Humatica’s multi-part series on the Critical Success Factors of Buy & Builds. Read now
Private equity has consistently outperformed public markets. In the past this was attributed to more aggressive capital structures and strongly aligned management incentives. However, with an increasing portion of value driven by operational improvements and rising awareness for ESG, private equity’s entrepreneurial governance is increasingly recognised as the foundation for stakeholder value growth. In their 2018 study on the topic, Partners Group concludes that “public markets have lost entrepreneurial ground to private markets due to an excessive focus on a corporate governance regime that has evolved far beyond its original mandate to protect shareholders”. Partners Group’s conclusion is that “Governance Correctness” has stifled entrepreneurial risk taking needed for value growth in public firms.

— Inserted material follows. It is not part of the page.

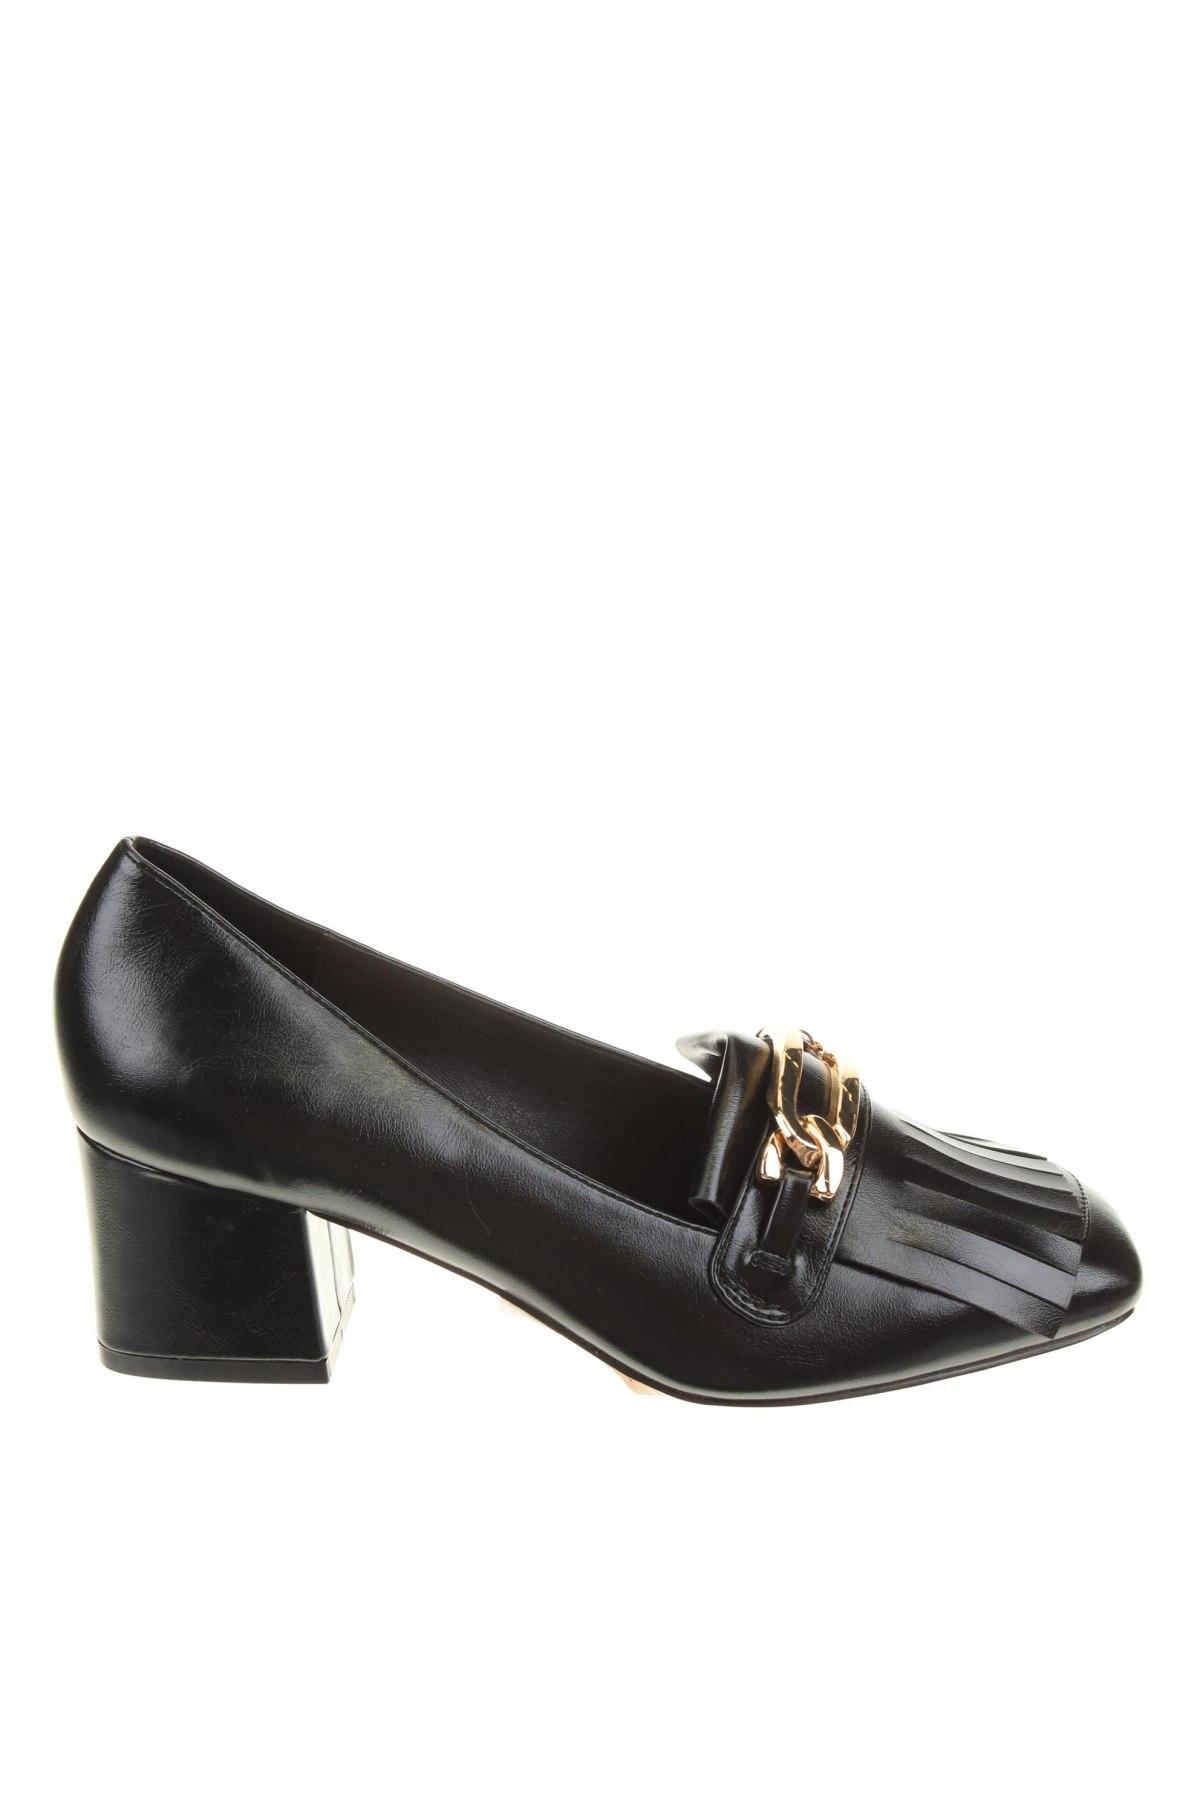 Дамски обувки River Island, Размер 40, Цвят Черен, Еко кожа, Цена 24,90лв.
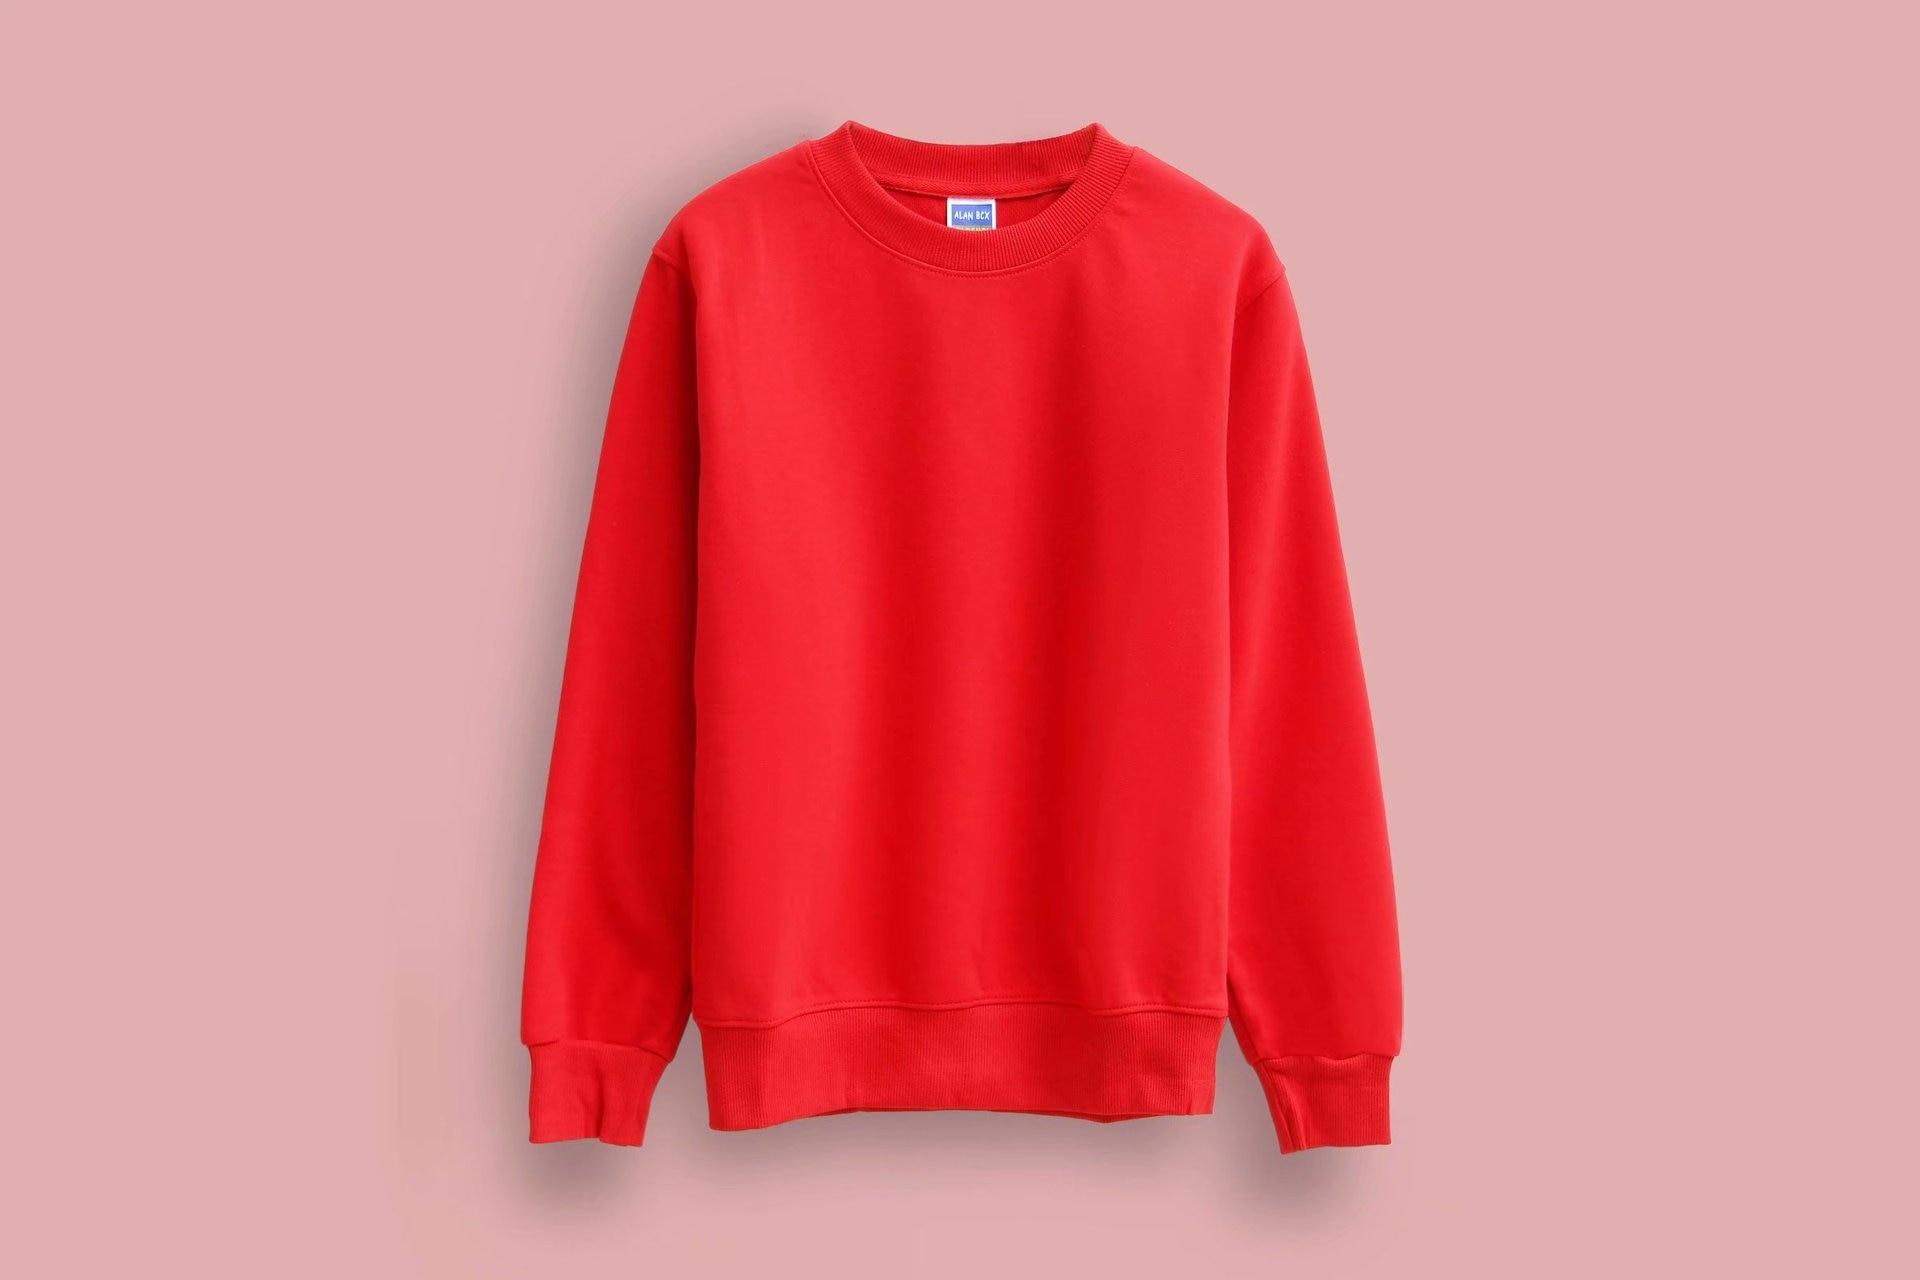 Solid Color Sweatshirt Autumn And Winter Women's Sweatshirt Casual  Hoodie

Clearly, entrepreneurial governance in private equity starts at the top, with the board and senior management. Funds are therefore pushing to strengthen their senior advisor networks as a way to build deep industry and executive competence for better board-level governance. EQT pioneered the approach from its inception. Their separation of top-level governance responsibility between the fund, the CEO and the Industrial Advisor/NED has served the fund well by providing clear checks and balances covering diverse aspects of inclusive value growth.
However, times are changing. One consequence of elevated deal multiples is more pressure to deliver profitable growth even faster. To do so, good governance is not only needed in the board room, but also at all other levels in the portfolio company, down to the shop floor – where “the rubber-hits-the-road”. Accelerating the adoption of better management processes at all levels and in all functions has become the biggest bottleneck to value creation. It explains the increasing number of Operating Partners, and trend we notice of funds providing more structured management training and best-practice exchanges between portfolio companies.
With a few exceptions, there is however still a lack of tools and scalable methods to systematically measure and improve governance processes throughout portfolio companies. Functional governance is left up to individual managers to define based on their past experience and “tribal knowledge”, with no standards or documented good practices. Most incumbent managers therefore struggle to challenge their own management processes in context of a new value creation plan and are often blind to “what good looks like”. It’s an area with broad variance and therefore great opportunities for performance improvement.
In order to address this challenge, Humatica looked at the few successful companies that have codified their management processes, like Danaher with their “Danaher Business System” and CGI’s “Management Foundation”. We adapted a proven methodology for measuring management process maturity from the IT industry and applied it to all functions. By codifying what good management processes look like for different industries and situations in a comprehensive “maturity model”, the quality of governance in any function can be assessed and better practices transferred.
This helps sponsors and portfolio company leaders to quickly pin-point and implement improved governance processes that enable on-time delivery of the value creation plan. And, it’s a lot faster and a lower risk way of upgrading governance than hiring-in “tribal knowledge” from the outside.